Saturday, May 5, 2012

Getting it wrong.

Remember I just posted about how, based on my current experience of broken pelvis and sitting in a wheelchair, Matthew couldn't have suddenly stood up and gone to Lavinia in Downton Abbey last season? Well, I've thinking about books I've read where the author gets something wrong and the effect it has on me.

I normally adore Connie Willis but in her book Blackout the landlady during the Blitz tells her that it costs 5p to use the telephone. That ended the book as far as I was concerned. The decimal currency with 5 new pence didn't come into being until 25 years after the war. The telephone would have cost tuppence, or two old pennies. I hated this mistake because it ripped me out of the period. And if you know the author has got one thing wrong, then you distrust the rest of the story.

I remember reading an early Martha Grimes in which she made two unforgivable howlers. She had someone go to the shops on Boxing Day...and until recently not a single store in England would be open the day after Christmas. It was the commercial holiday when tradespeople and servants got their day off. Now, of course, everyone wants to make maximum profit and stores stay open all the time. Pity.
The other howler was that she had some countrywoman warn that someone might "nail a skunk to her front door."  Sorry, but there has never been a skunk in the British isles.

Mistakes like this make me stop reading a book and never trust the writer again. I always worry in my own books that I'll get something horrible wrong. The only awful thing I think I've done so far is to put Claridges on the wrong street. This is unforgivable as my parents used to live next door to the night manager at Claridges and I've been there many times. So that revealed to me that the danger is in what we think we know and thus don't bother to double check. These days I write the Royal Spyness books with the 1930s A to Z maps of London beside me!

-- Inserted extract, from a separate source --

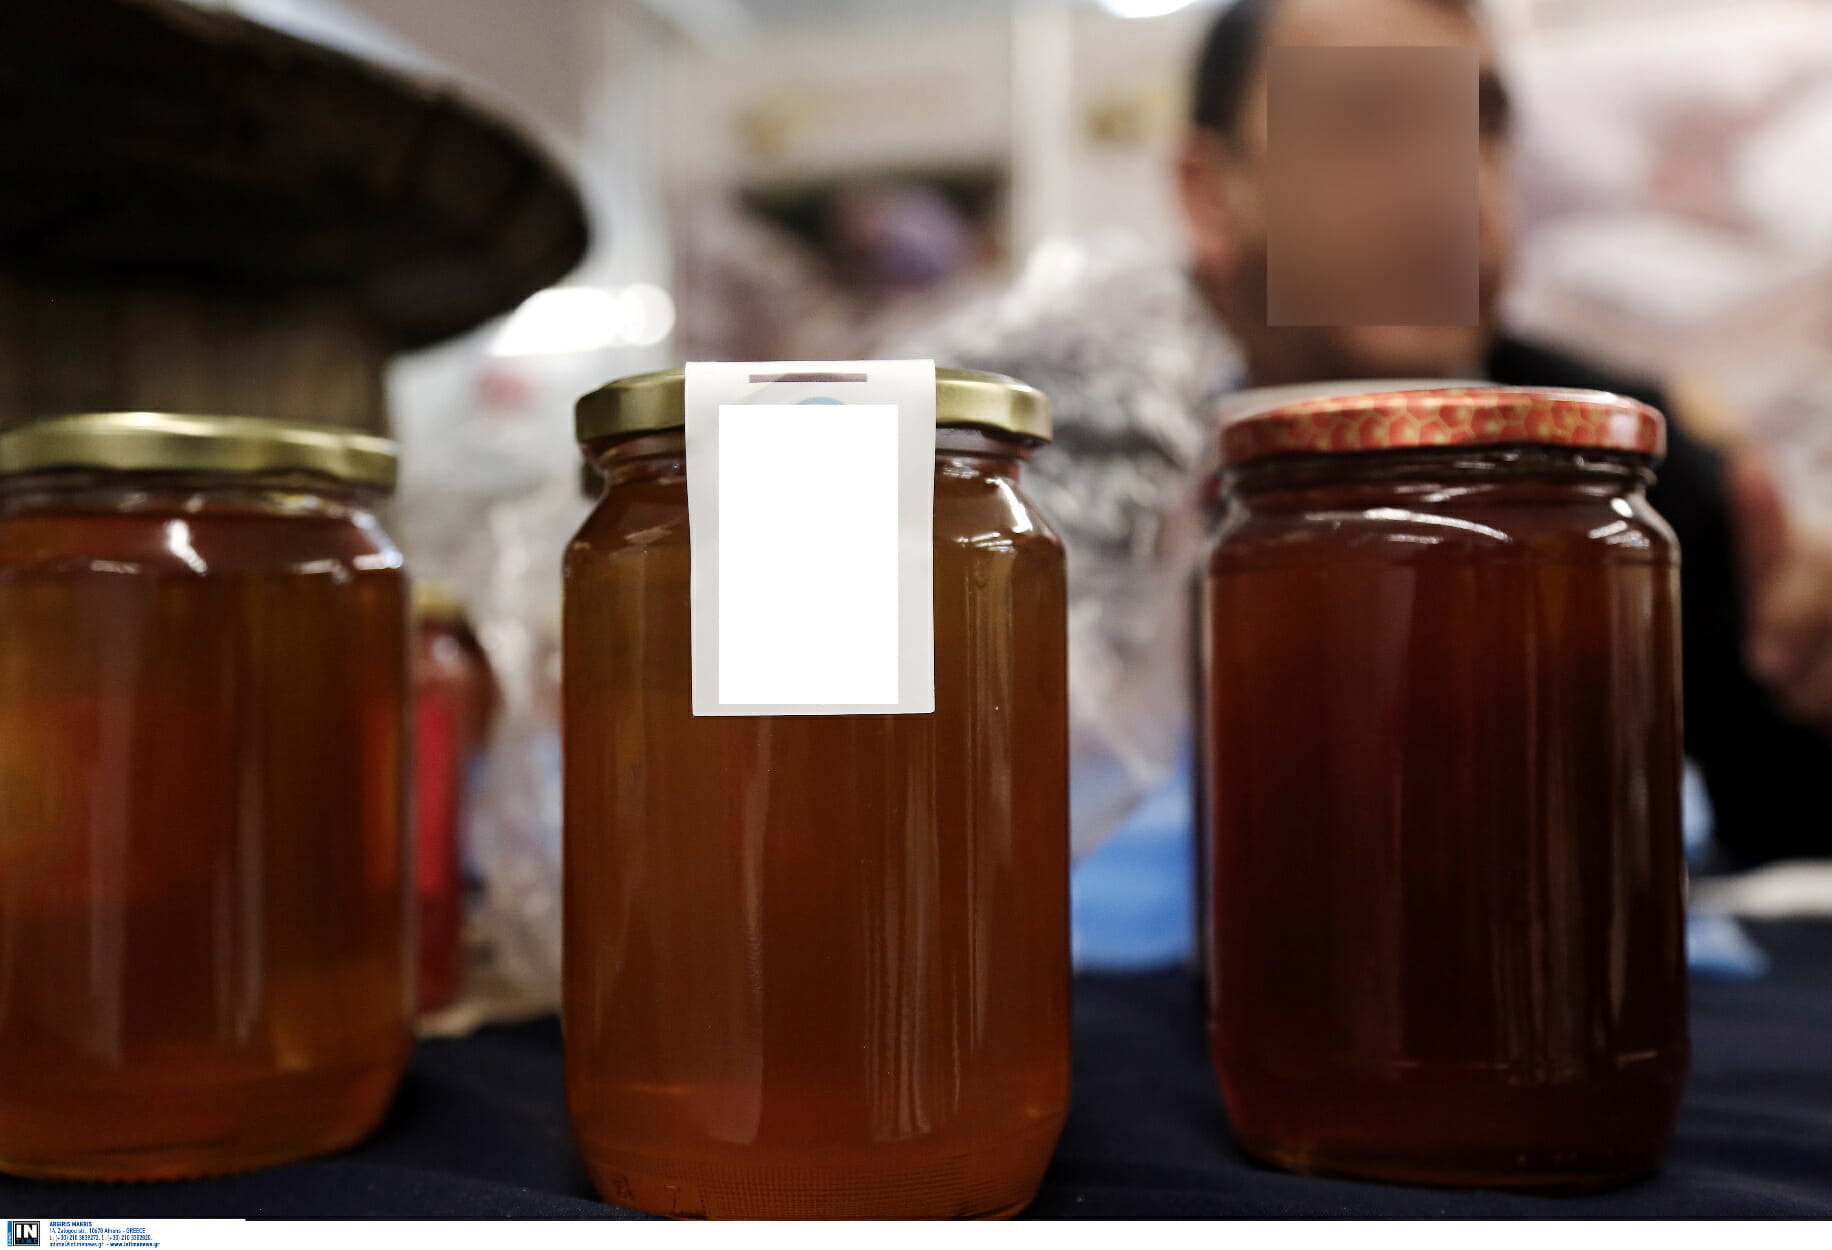 Προσοχή! Μην καταναλώσετε αυτό το μέλι εάν το έχετε αγοράσει – Το αποσύρει ο ΕΦΕΤ (pics)

And on the recovery front--I'm gradually progressing and the house is turning into a blooming wonder! Thanks for all your good wishes!

4 comments:

  1. Had a similar feeling when I was in grade school. My class was watching an educational film about colonial America. There was a scene with a blacksmith working on a horseshoe. Outside the window next to the blacksmith, all of us noticed a big automobile from the 1950s rolling past the blacksmith! Cars did not exist until the 20th century!


    Diana

    ReplyDelete
  2. Well, they always say you should write what you know about. Once in a while I've read something that doesn't make sense & it does interrupt the flow of the reading. I have to stop & re-read to see if I misunderstood. However, for those items you mentioned, I wouldn't have had a clue about. So I guess it depends on the readers own knowledge as to whether certain incorrect details would bother them.
    What lovely flowers you got!

    ReplyDelete
  3. How do you feel about using the more familiar "modern" system (money or names of landmarks, etc.)in place of what might be historically accurate? And while I agree that it might throw a reader out of the story, it doesn't make me not trust the writer, unless they are writing non-fiction. Most authors acknowledge the help they've received and claim any remain mistakes as their own...I hope we readers can allow our authors to be human, too. (what really annoys me is grammatical errors and typos!)